On 10/27/2006 01:22 PM, John Mallinckrodt wrote:
.... The gravitational tidal effect near the surface of
Earth is too small to feel, but it's easy to set up a very noticeable
centrifugal tidal effect by simply spinning your body about a
vertical axis like an ice skater.

That's an excellent point.

1) Remark: The term "centrifugal tidal" takes for granted the
analogy between gravitational fields and centrifugal fields,
which is commendable IMHO.



2) Note that while the local gravitational acceleration can be
made to disappear -- locally, to first order -- by a suitable
choice of reference frame, the tidal effects do not disappear.

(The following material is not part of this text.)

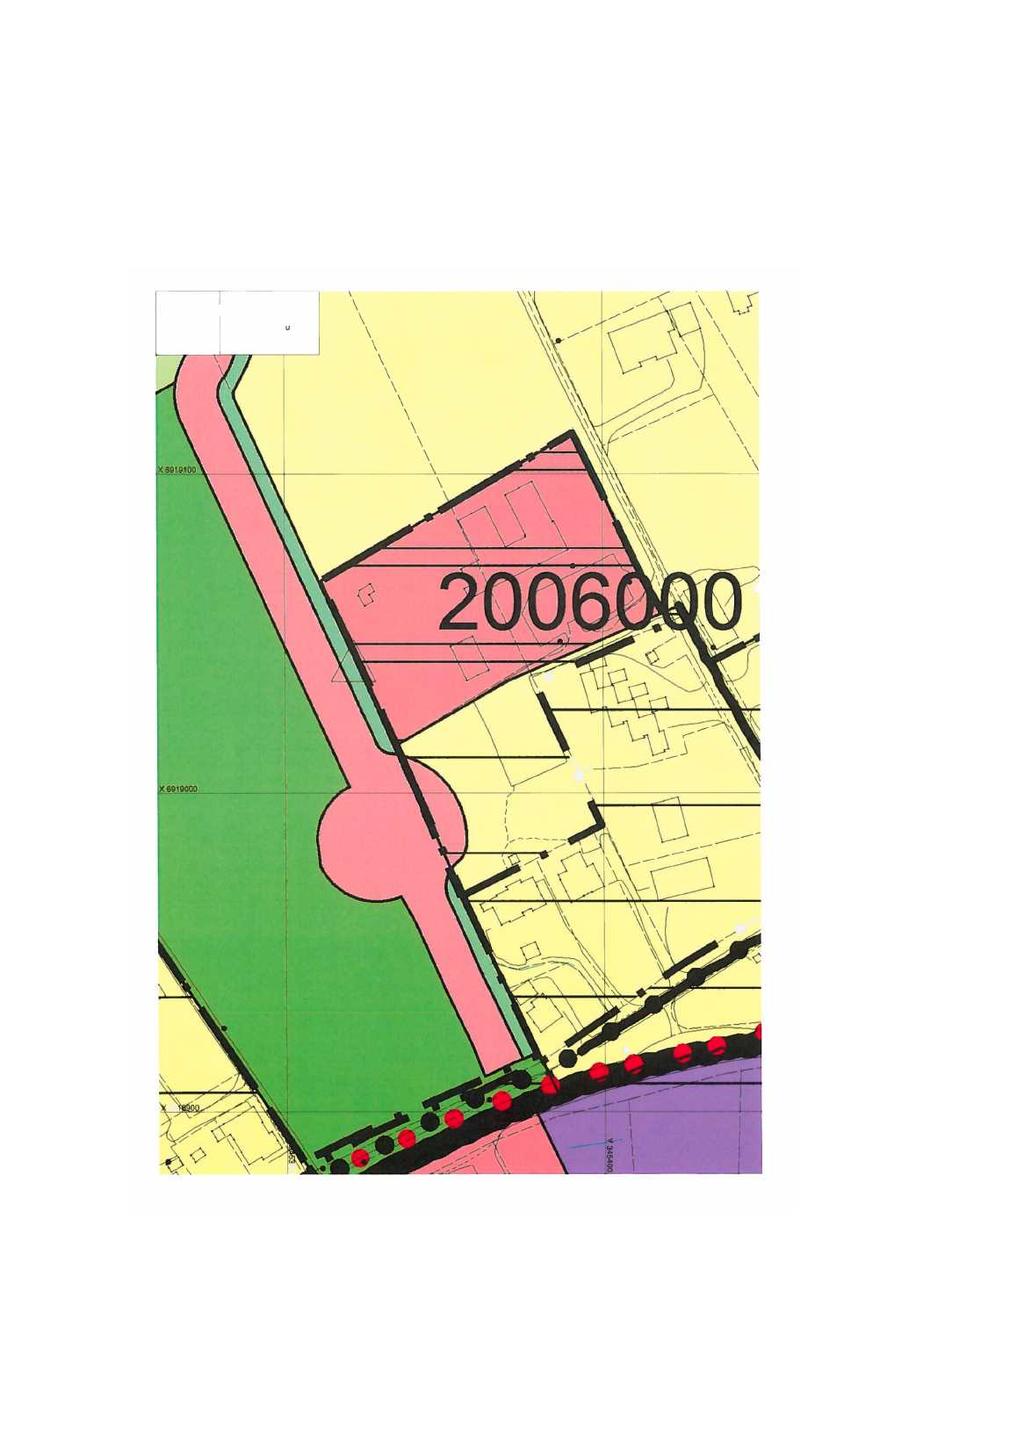 Kommuneplan/ kommunedelplan: I kommuneplanens arealdel 2012-2024 er området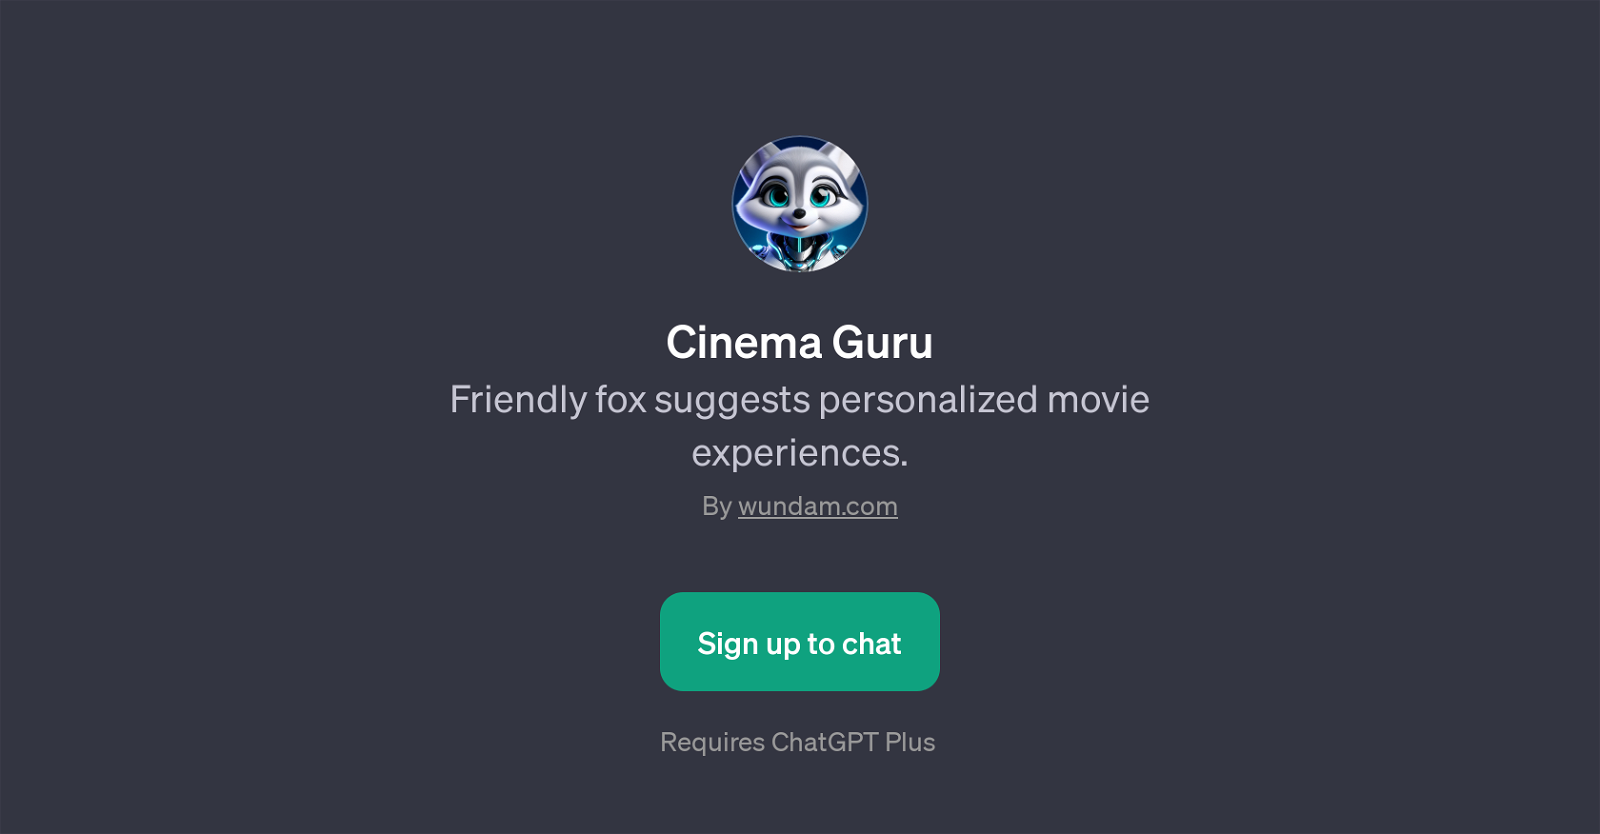 Cinema Guru website

By way of analogy, the surface of a sphere is locally flat,
to first order ... but nevertheless the sphere is curved.
The laws of physics are not restricted to talking about
local, first-order effects.

This points out a limitation to Einstein's principle of
equivalence. The gravitational field is a /field/, which
means it attributes an acceleration to each and every point.
The case of a uniform field is a special case, by no means
the only case of interest. Similar words apply to the
centrifugal field, and indeed it is very common to find
significant non-uniformity in the centrifugal field,
although OTOH it is easier to make a purely centrifugal
field disappear globally.

This cuts to the core of the subject of this thread. Are we
going to say that a uniform field gives rise to pseudo forces,
while the corresponding non-uniform field gives rise to
non-pseudo forces? (That sounds ugly to me.)

I'm optimistic that we can sort out this mess. After all,
motion is lawful, even motion in accelerated frames. We
know the equations of motion; we're just fussing with how
to interpret and/or explain the various terms in the
equations.

I've never thought much about the "pseudo force" issue. So
far, the more I think about it, the less I like it.